I also highly recommend a visit to Jardin de Majorelle known as YSL Gardens. The queue was rather long so our taxi driver, jumped out bought our tickets for us so as we could walk straight in avoiding all the people.
Jardin de Majorelle is a stunning two and half acre botanical and artistic landscape garden. The French Orientalist artist Jacques Majorelle initially created it almost forty years ago but then Yves Saint Laurent bought it and made it into a permanent Marrakech fixture and a tourist haven. If you’re a lover of YSL do also visit Museum Yves Saint Laurent which is next to the Gardens.

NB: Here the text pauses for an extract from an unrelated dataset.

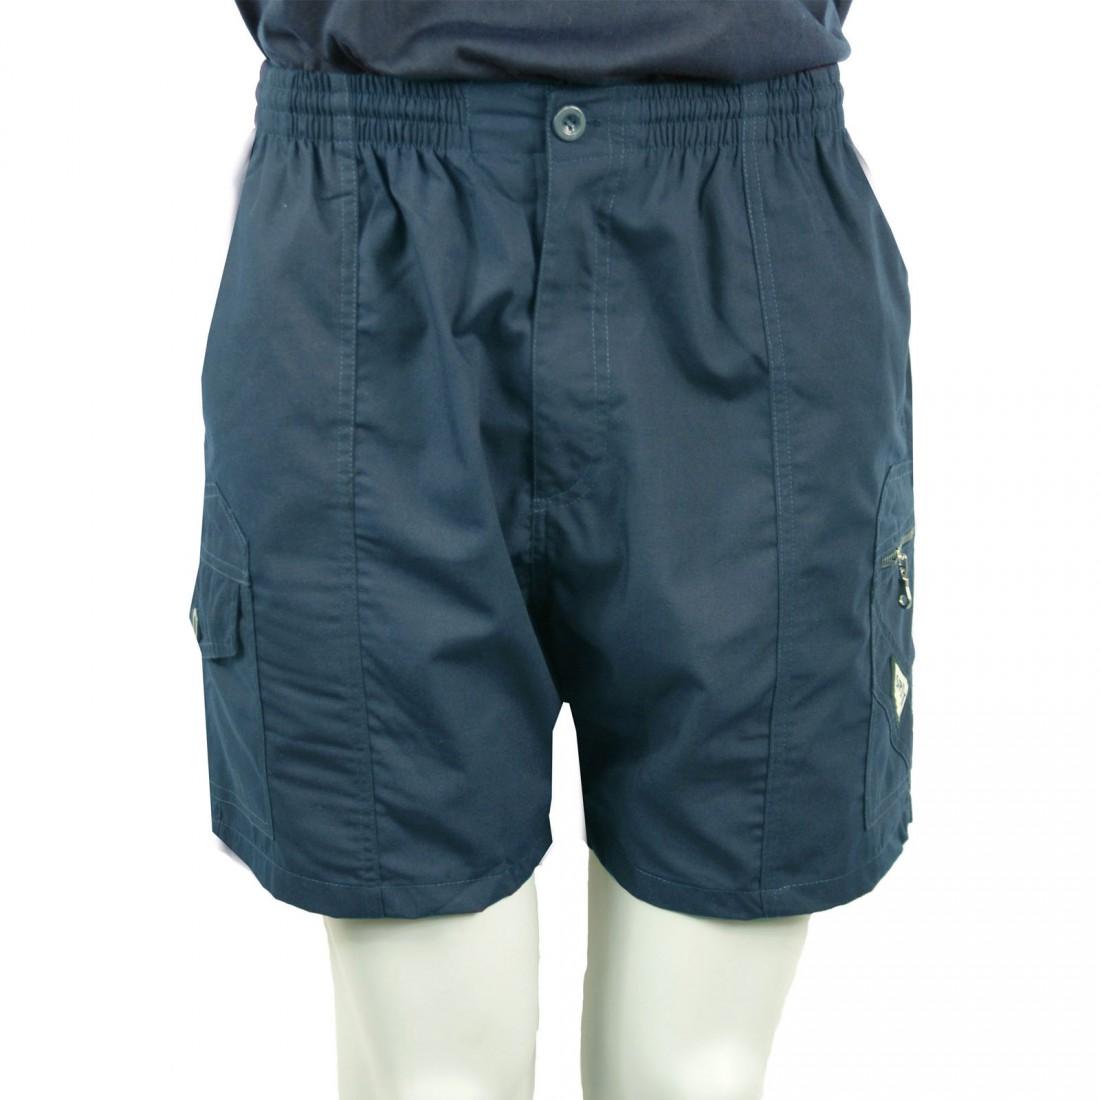 romesa short kurze hose mit cargotaschen und dehnbund herren hosen shorts bermudas. Black Bedroom Furniture Sets. Home Design Ideas

This video shows the stunning grounds of Jardin de Majorelle with all its mystery, serenity and majesty:
The currency is Moroccan Dirham so don’t be mistaken with the UAE Dirham.
Uber doesn’t work in Morocco so you have to use either the public taxi’s or ask your hotel to arrange a car for you. Again be ready to negotiate aggressively.
Emirates flies direct to Casablanca 9.5 hours there and 6.5 hours back. From Casablanca to Marrakech is a 2.5 hour drive – it’s a long journey but well worth it.
Marrakech is definitely unique, incorporating a nice mixture of authentic local Moroccan culture with some serious hotel and resort offering. But don’t rely on the movies and social media – go visit to truly capture its magic.